_RECORDS PROVIDED_
####################

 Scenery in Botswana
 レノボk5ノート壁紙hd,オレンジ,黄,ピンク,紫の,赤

####################

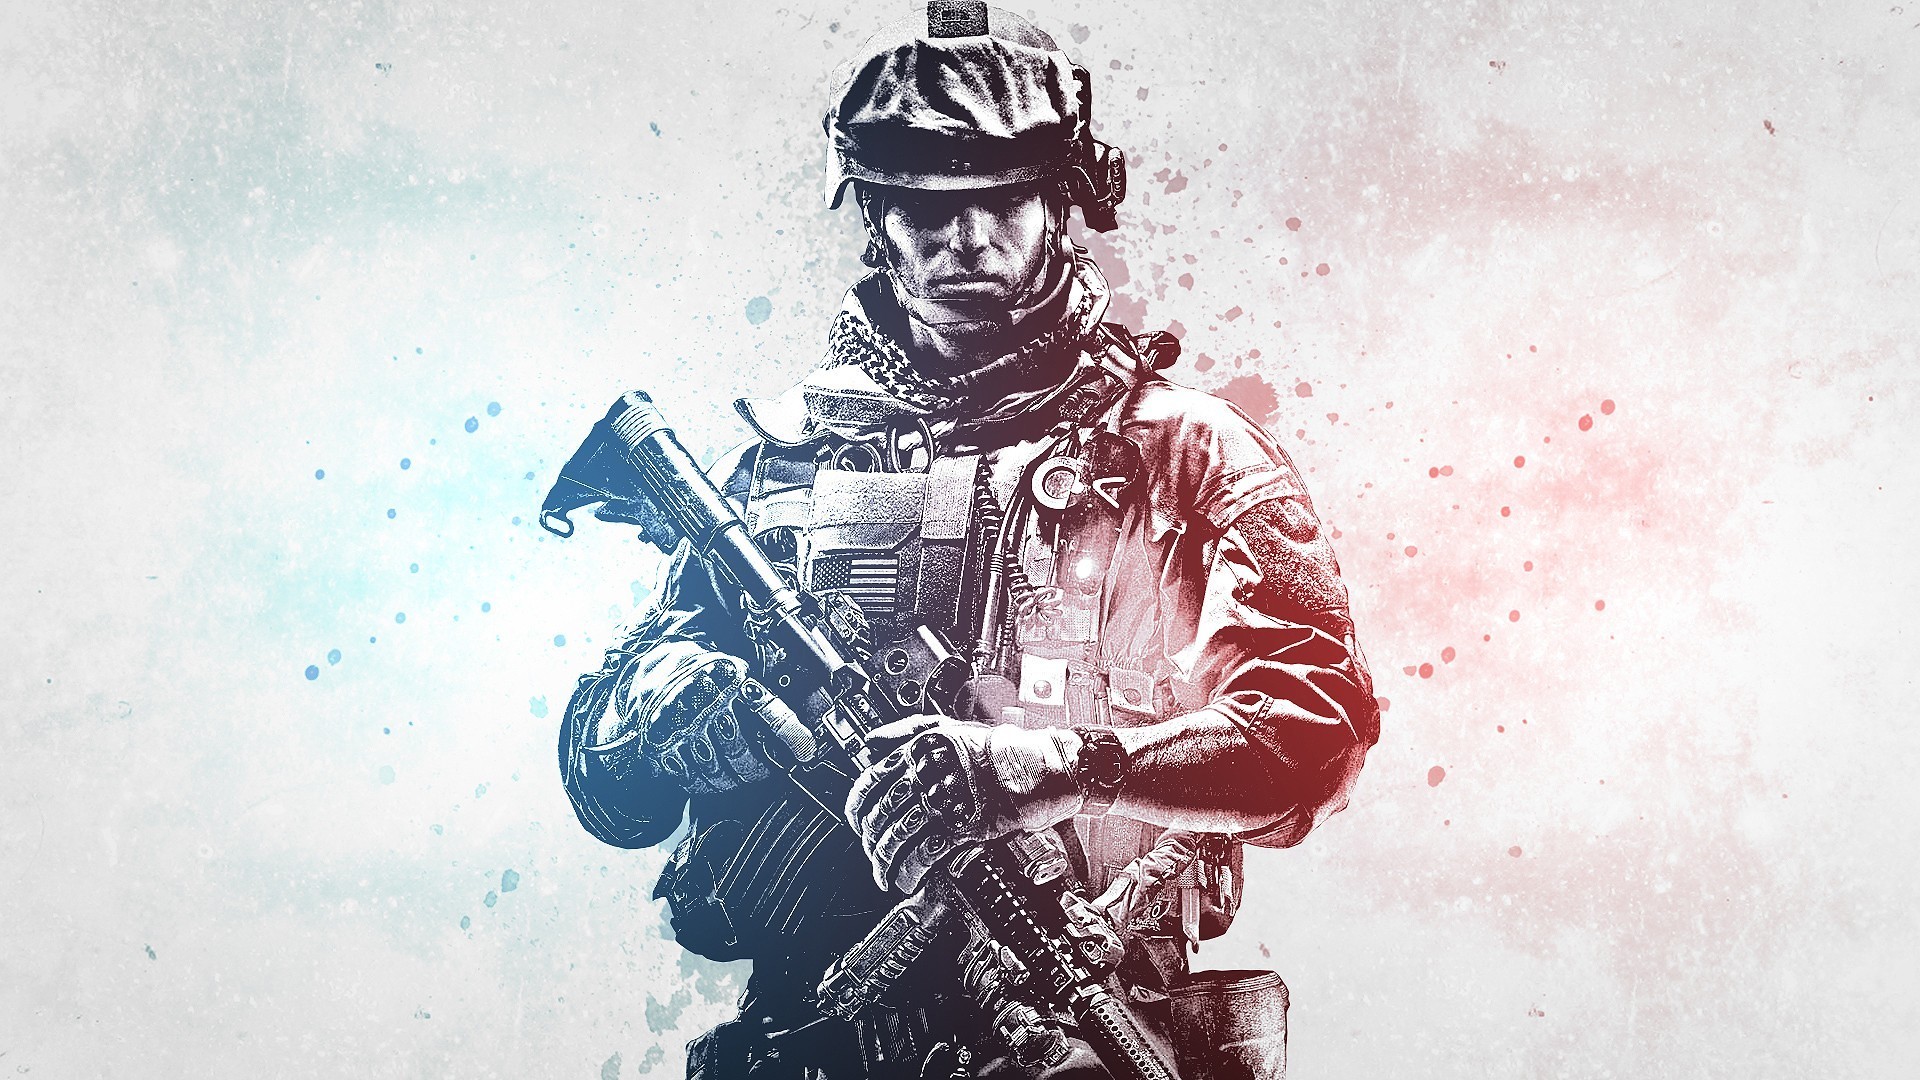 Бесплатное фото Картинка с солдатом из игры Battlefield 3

####################

_WORK REQUEST_
Working from the material above, retype exactly the lines from the one with "Scenery in Botswana" through the one with "レノボk5ノート壁紙hd,オレンジ,黄,ピンク,紫の,赤", both included, and only those lines.

_REPLY TO THE TASK_
 Scenery in Botswana
 レノボk5ノート壁紙hd,オレンジ,黄,ピンク,紫の,赤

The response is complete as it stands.